Microsoft has spent more than $15 billion building one of the largest global cloud computing infrastructures. An SSL certificate can be had for as little as $70 a year from a commercial certificate authority, or can be effectively free if you issue your own, as Microsoft does.
So how did an expired SSL certificate crash the Windows Azure storage cloud computing platform Friday and Saturday? It’s an expensive question for Microsoft.
“Given the scope of the outage, we will proactively provide credits to impacted customers in accordance with our SLA,” wrote Steven Martin, General Manager of Windows Azure Business & Operations, in a blog post. “The credit will be reflected on a subsequent invoice.”
The global outage for encrypted storage traffic began Friday at 12:44 PM PST, and services were restored to 99% worldwide by 1:00 AM PST on Saturday.

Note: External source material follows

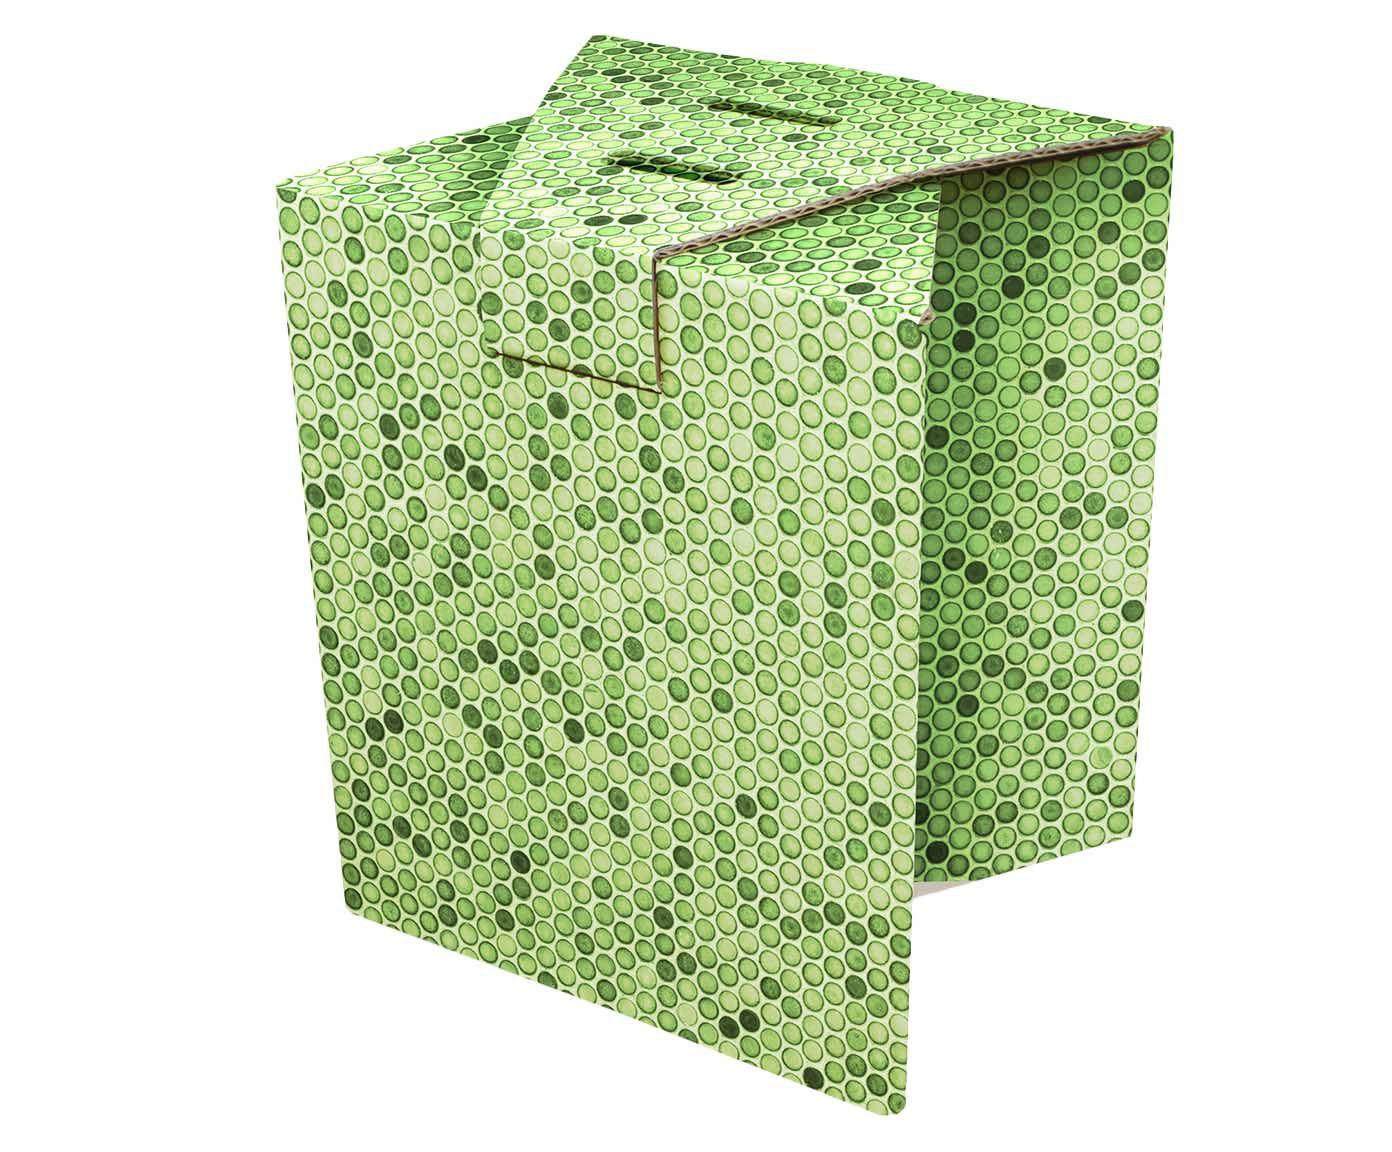 Banco rube mini tiles - energy | Westwing.com.br

Full availability wasn’t restored until 8:00 PM PST Saturday, placing the outage duration at 12 hours for most users but as much as 24 hours of impact for some. Up to 52 different Microsoft services reported performance problems during the outage, including Xbox Live.
“Windows Azure Storage experienced a worldwide outage impacting HTTPS traffic due to an expired SSL certificate,” Martin reported. “HTTP traffic was unaffected but the event impacted a number of Windows Azure services that are dependent on Storage.”
This marks the second time in a year in which Microsoft has issued a service credit for problems associated with an SSL certificate. Last Feb. 29 a “Leap Year Bug” triggered a date-related bug with a security certificate. The incident left Azure customers unable to manage their applications for about 8 hours and knocked Azure-based services offline for some North American users.